Nun war der »Pequod« zu Beginn der günstigen Jahreszeit, zur Zeit der »Walfischzeitlinie«, von Nantucket in See gegangen. Mit keinem Mittel hätte es der Kapitän zuwege gebracht, südwärts um das Kap Horn herumzufahren und auf dem sechzigsten Grade geographischer Breite im äquatorialen Teile des Stillen Ozeans noch rechtzeitig anzukommen. Er mußte daher die nächste folgende Jahreszeit abwarten. Aber der »Pequod« war vielleicht absichtlich auf Anordnung Ahabs so vorzeitig abgefahren, weil es Gründe dafür gab. Es lag nämlich ein Zwischenraum von dreihundertfünfundsechzig Tagen und Nächten vor ihm, eine Zeit, die er lieber mit der Jagd auf die verschiedensten Dinge, als mit ungeduldigem Nichtstun an der Küste zubringen wollte.

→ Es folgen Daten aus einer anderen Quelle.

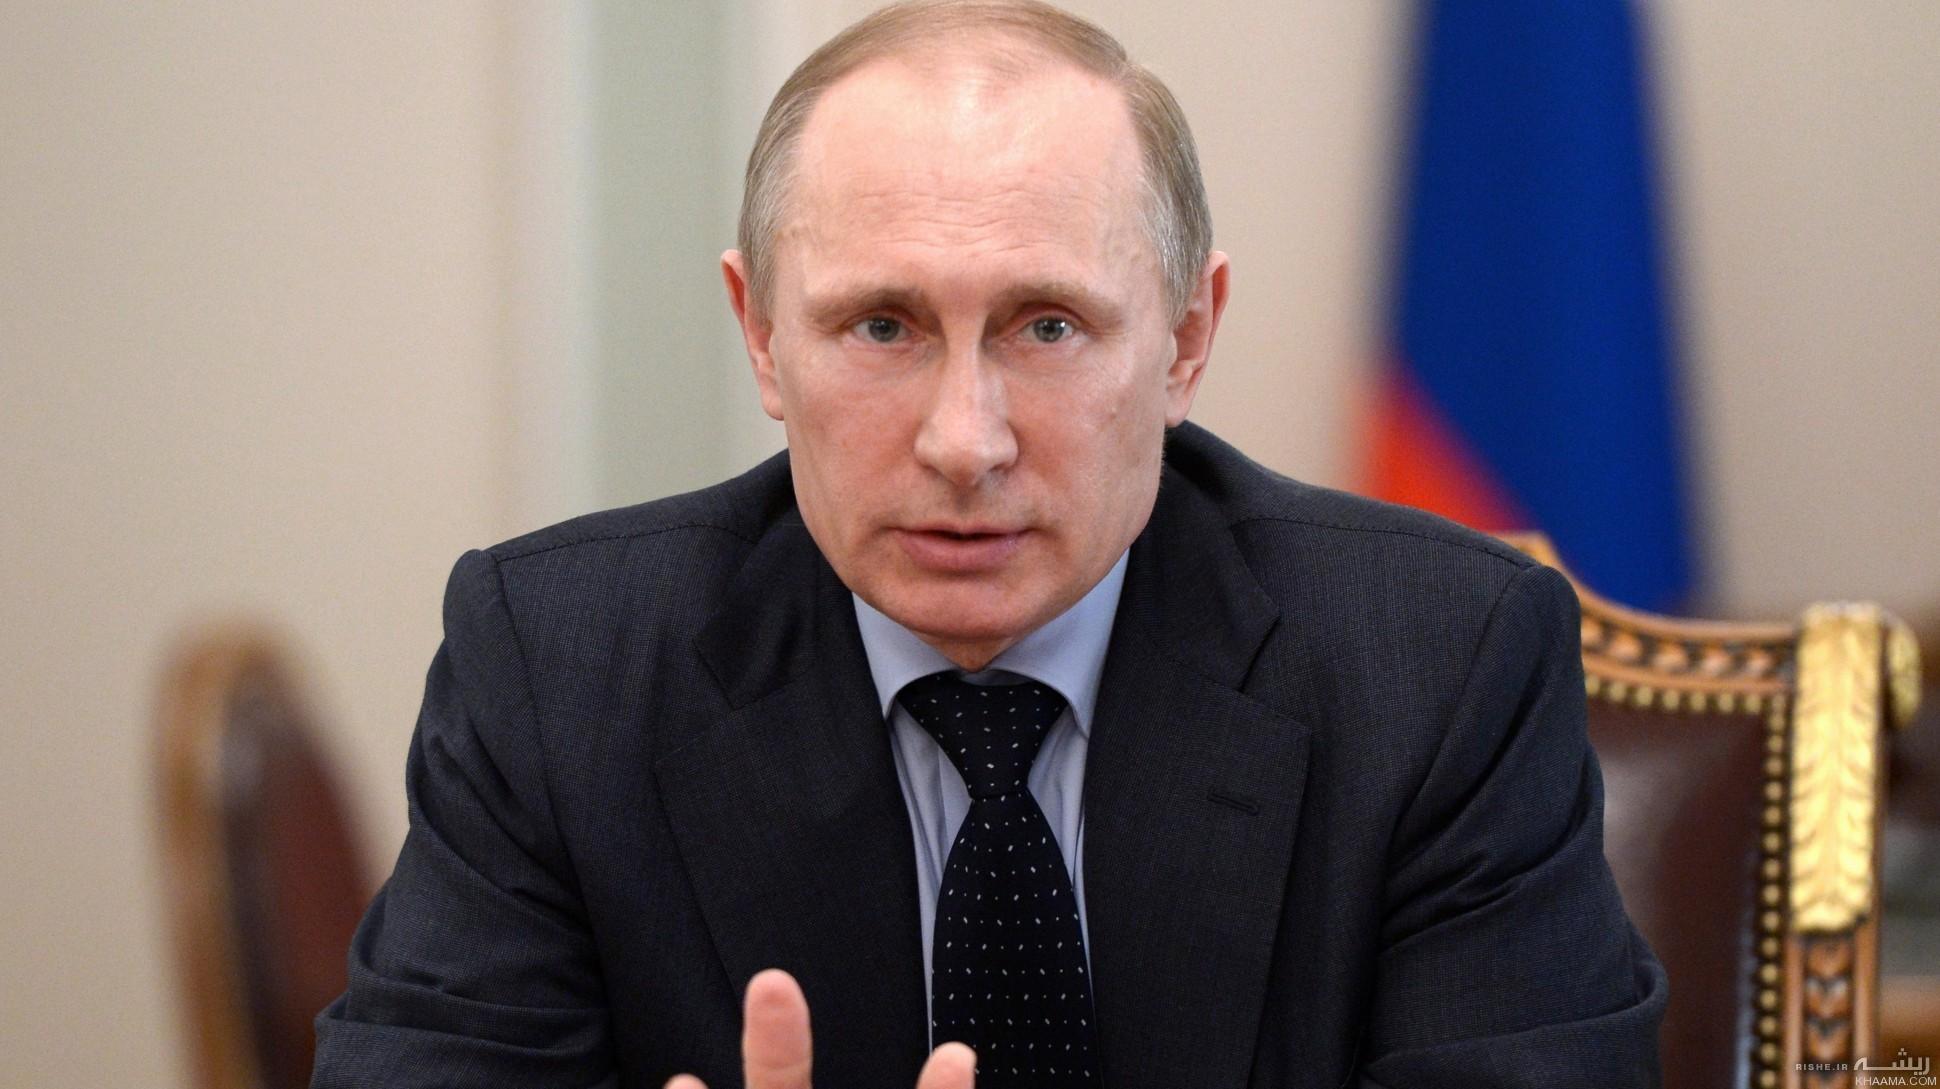 تهدید آمریکا توسط پوتین

Vielleicht würde auch der weiße Wal in Gewässern, die weitab von seinen regelmäßigen Weidegründen lagen, seine Ferien zubringen. Vielleicht würde er mit seinem entstellten Unterkiefer bis zum Persischen Golf, bis zum Bengalischen Meerbusen, bis zum Chinesischen Meer oder in andere Gewässer vorstoßen. Vielleicht würden Winde wie der Monsun, der Pampas, der Nordwester, der Harmattan wehen, und diese würden dann, wenn nicht unverhofft der Wind von der Levante oder der Simoon kommen sollten, unseren Moby-Dick in die teuflische Zickzacklinie des dünenden Kielwassers des »Pequod« treiben.